Figure 1 Construction of the recombinant Baculo-HBV virus (Bac-HBV).
A: The recombinant transfer vector, pBacHep1.6 (10.5 kb) together with the 1.6 × genome length HBV cloned in an orientation opposite to the polyhedrin promotor (pPol) in vector pBacPAK9. The construct contains HBV-ORFs: PreS/S (1x), X (2x), P (1x), PreC/C (2x) and Enh I (2x), Enh II (2x) elements; B: HBsAg expression in culture medium upon transduction with 100 moi of Bac-HBV; C: Dot blot analysis of total HBV DNA in HepG2 cells transduced with 100 moi of Bac-HBV. Different amounts of HBV DNA were used as quantitation standards, as indicated; D: Densitometric analysis and quantitative representation of the results shown in C.

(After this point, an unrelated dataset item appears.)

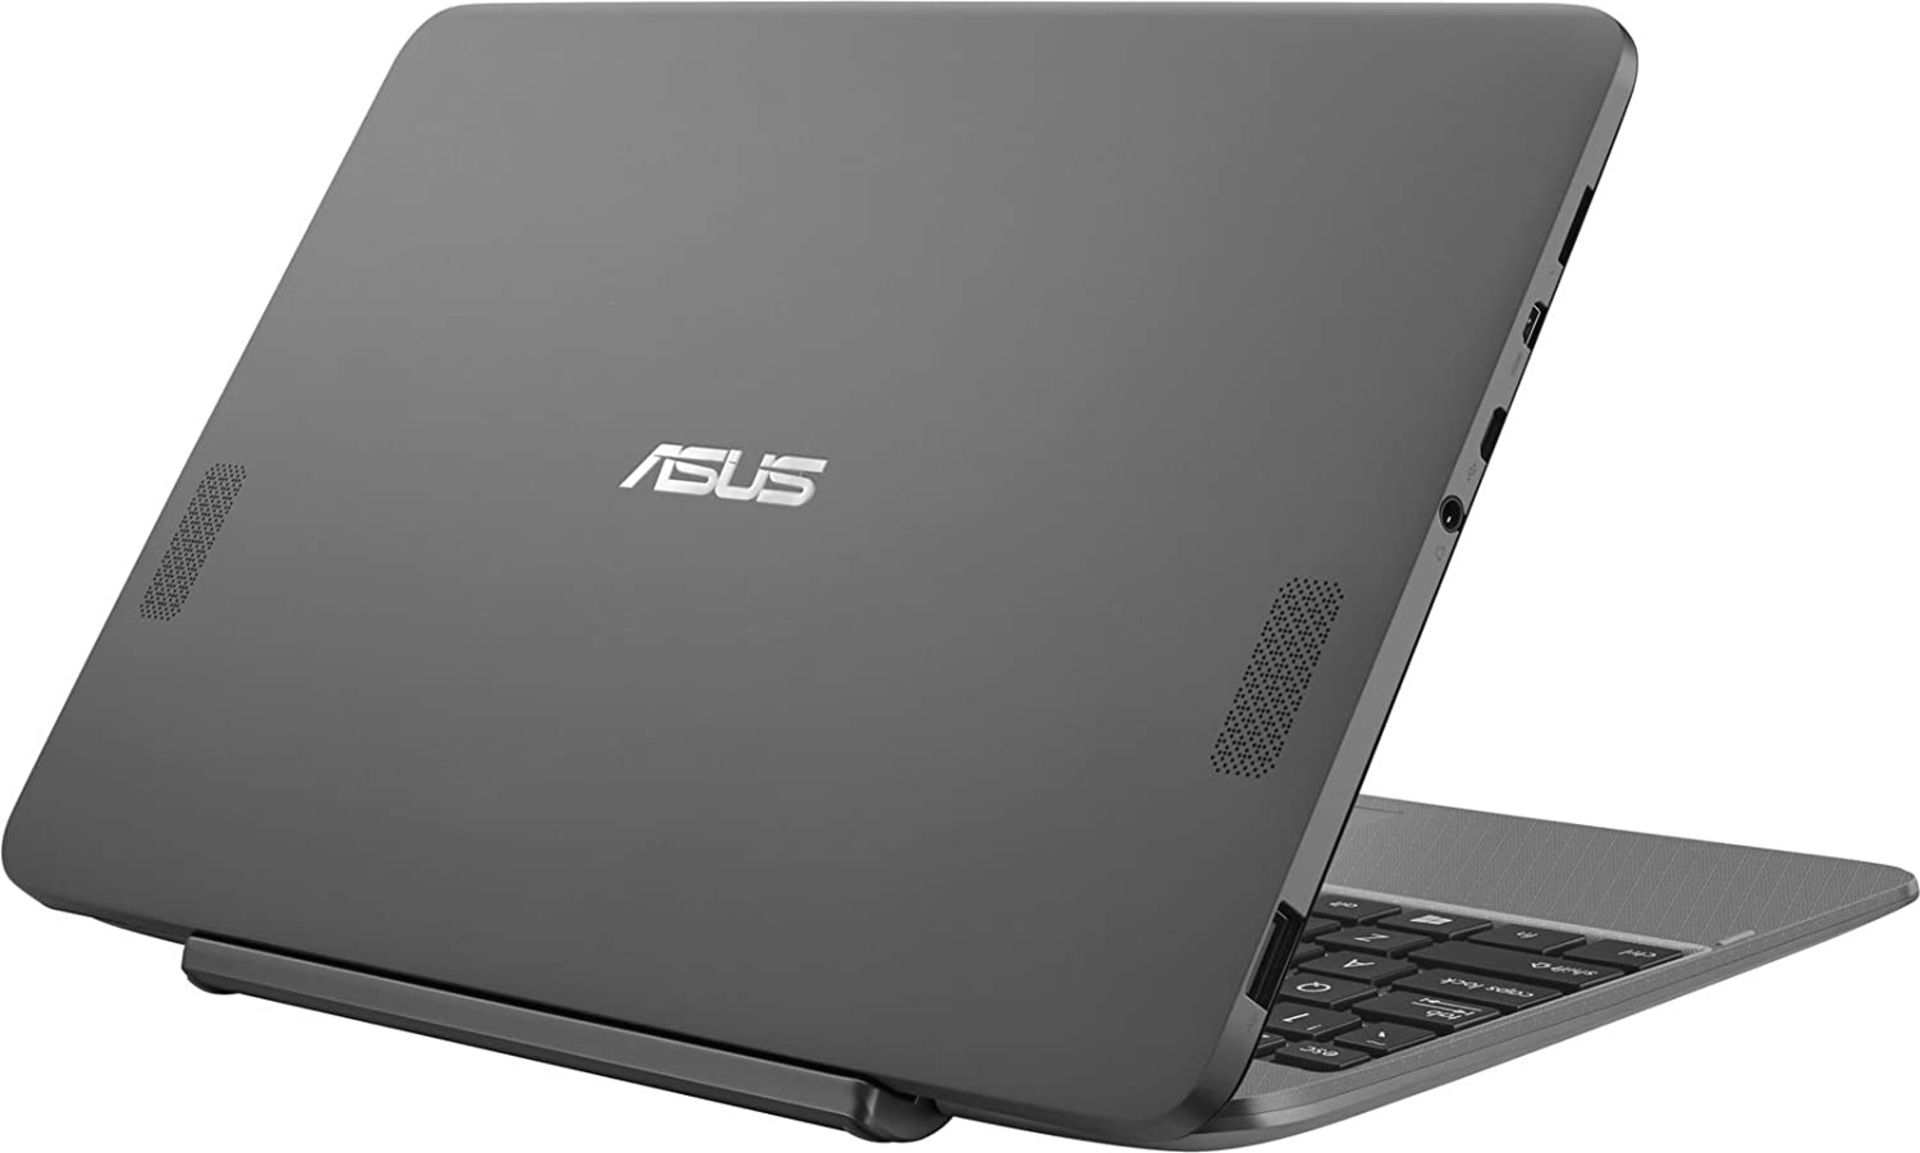 (5) 1 x Grade B - Asus Transformer Book T101HA (10.1 inch) Notebook PC Atom (Z8350) 2GB 32GB - Image 7 of 7

A high-titre stock of selected recombinant HBV-baculoviruses was prepared from 0.5 to 1.0 litre of infected Sf21 culture supernatant. The culture supernatant was cleared at 6000 r/min for 10 min and further centrifuged in a Ti45 rotor (Beckman) at 25 000 r/min for 45 min at room temperature. A bluish-white pellet seen at the bottom of the tubes was resuspended in 3 mL PBS. This was then gently overlaid on top of a 5% (3 mL) and 40% (30 mL) sucrose cushion prepared in PBS, followed by centrifugation in an SW28 rotor (Beckman) at 18000 r/min for 30 min. A band of virus particles from the 5%-40% sucrose interface was harvested and washed with 30 mL of sterile PBS by ultracentrifugation. Finally, the virus pellet was resuspended in 1 ml of sterile PBS and stored as 200 μL aliquots at -20 °C. A working aliquot of the virus was kept at 4 °C. The titer of the virus so prepared was determined by plaque assay on Sf21 cells to be in the range of 1010 pfu/mL.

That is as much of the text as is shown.